Pero hasta las mejores cosas empalagan con el tiempo y los mejores vinos hartan cuando se los bebe en demasía, y la pasión de un hombre se pierde en la pasión de miles. Una crucifixión más no habría atraído a la multitud, pero se trataba de la muerte de un héroe, de un gran gladiador, de un lugarteniente de Espartaco, de un gladiador de todos los tiempos, de un poderoso gladiador que había sobrevivido a la
munera sine missione.
Siempre había habido una curiosa contradicción en el papel del gladiador, el esclavo marcado para morir, el títere combatiente, el más despreciable de los despreciables y, al mismo tiempo, el superviviente del sangriento campo de batalla.
De manera que habían salido a ver cómo moría el gladiador, a ver cómo recibiría el gran misterio que todos los hombres comparten, y para ver cómo se comportaría cuando le incrustaran los clavos en las manos. Era un extraño ser el que acababa de volver silenciosamente en sí. Habían ido a ver si aquel silencio se rompía, y cuando no se rompió al clavársele los clavos, se quedaron esperando para ver si se rompería cuando volviera a abrir los ojos al mundo.
Y se rompió. Cuando finalmente los vio, cuando las imágenes cesaron de desfilar caóticamente ante sus ojos, lanzó un terrible grito de dolor y de agonía.

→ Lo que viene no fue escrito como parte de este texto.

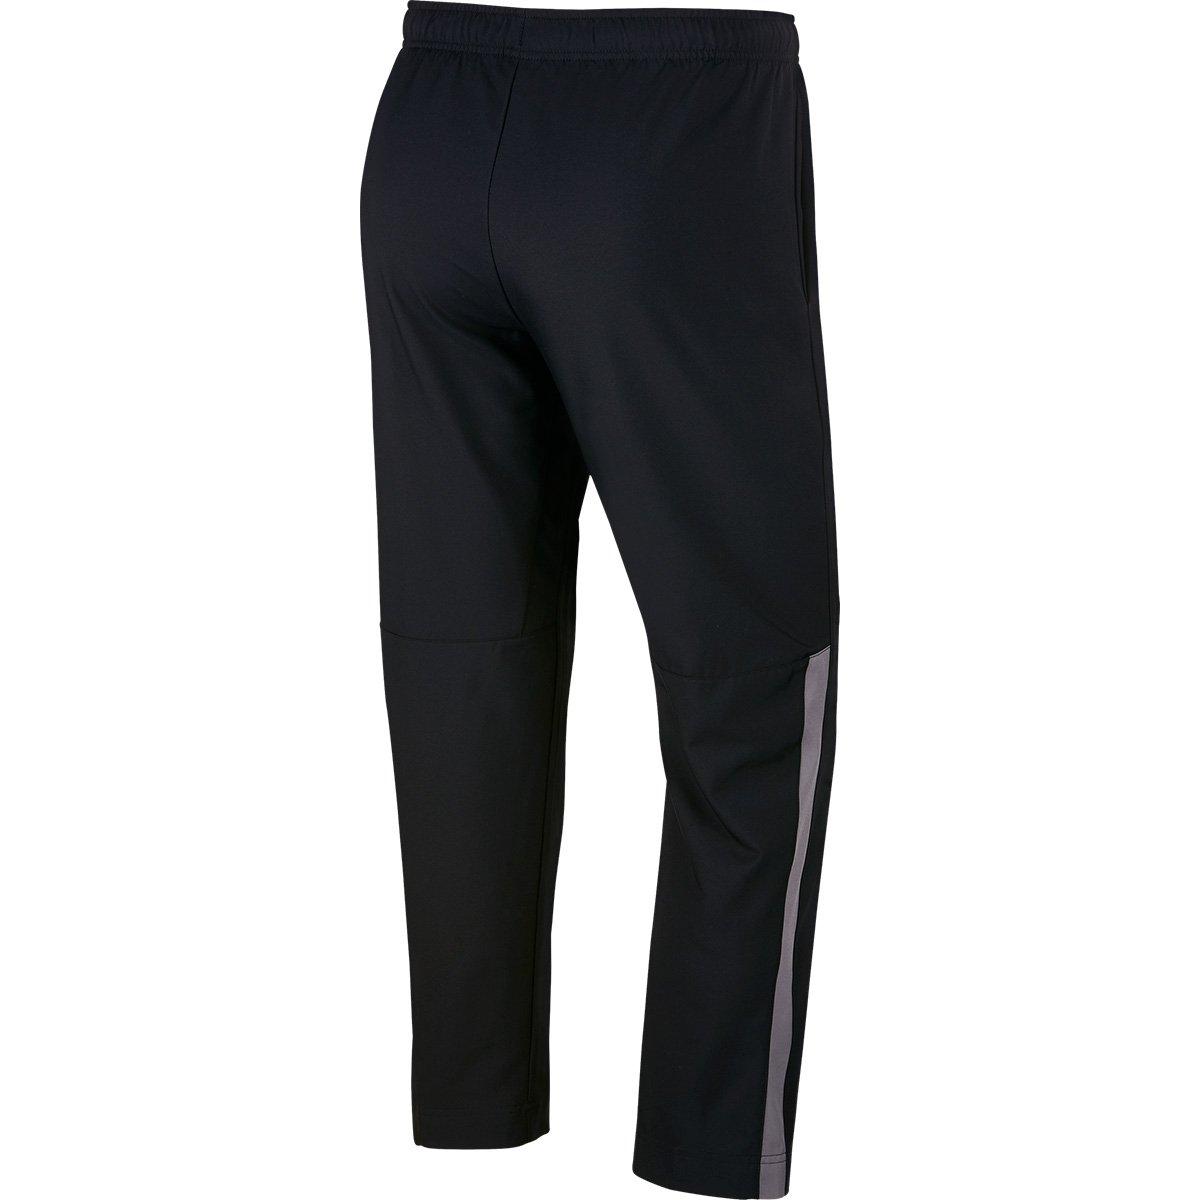 Calça Nike Dry Team Woven Masculina - Preto e Cinza - Compre Agora ... 9093e4e03acb0
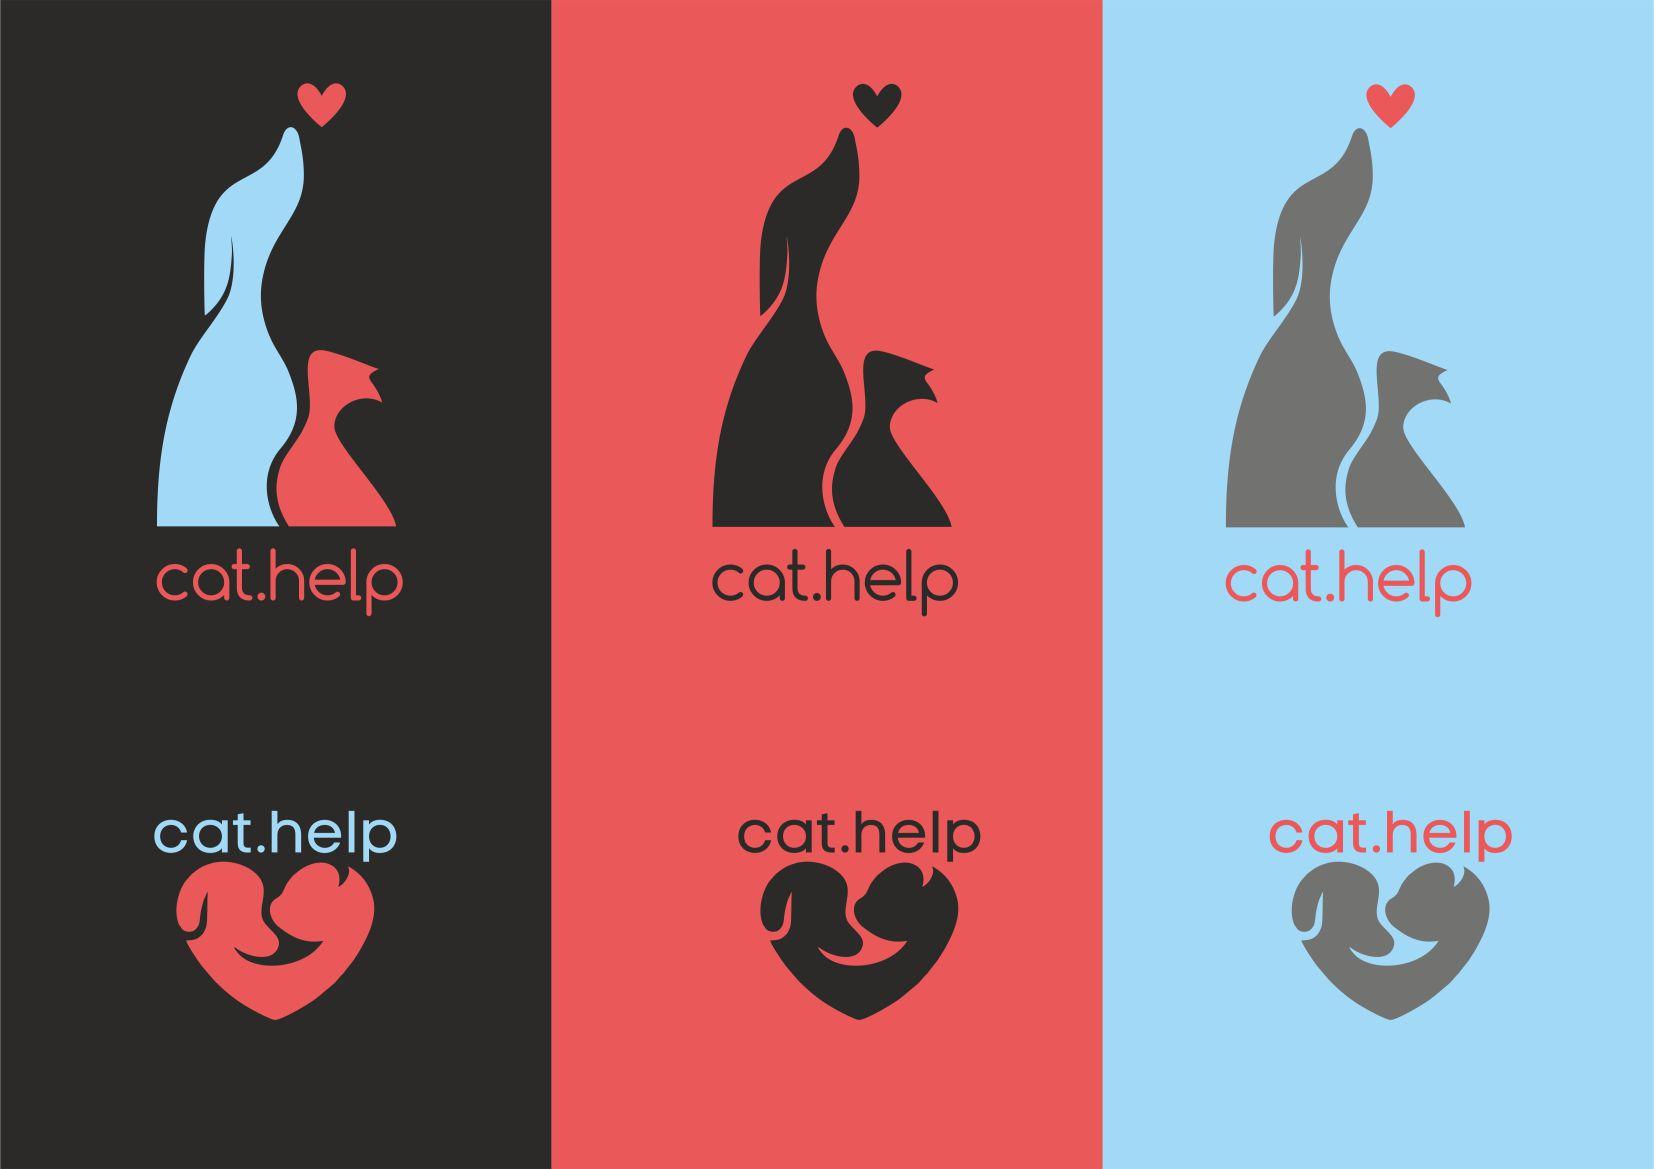 логотип для сайта и группы вк - cat.help фото f_21059e2d24c9f54d.jpg

Aparentemente nadie comprendió sus palabras. Se discutía respecto a lo que había dicho en aquel estentor afónico. Algunos habían cruzado apuestas sobre si hablaba o no, y las apuestas se pagaban o no se pagaban en medio de violentas discusiones sobre si había pronunciado palabras o si se había tratado simplemente de un gemido, o si había hablado en una lengua extranjera. Algunos aseguraban que había implorado a los dioses; otros afirmaban que había lloriqueado llamando a la madre.
En realidad, nada de eso había ocurrido. En realidad, había gritado:
—Espartaco, Espartaco, ¿por qué fracasamos?
Mediante algún procedimiento milagroso se hubiera podido abrir la mente y haber leído el pensamiento de los seis mil hombres que fueron tomados prisioneros cuando la causa de Espartaco se hundió en el polvo de la historia, y se hubiera podido desentrañar este pensamiento en toda su desnudez, de modo que resultara posible seguir hasta los crucifijos la enmarañada red y la madeja que los había llevado allí; si hubiera sido posible dibujar seis mil mapas de vidas humanas, se habría visto que el pasado de la mayor parte de ellos no difería demasiado. En ese sentido, es posible que sus sufrimientos y su fin no fueran muy diferentes; era un sufrimiento común y se mezclaba, y si hubiera habido dioses o un Dios en los cielos y sus lágrimas se hubieran convertido en lluvia, seguramente habría llovido durante días y días. Pero en cambio el sol secaba las lágrimas y los pájaros se lanzaban sobre la carne sangrante, y los hombres morían.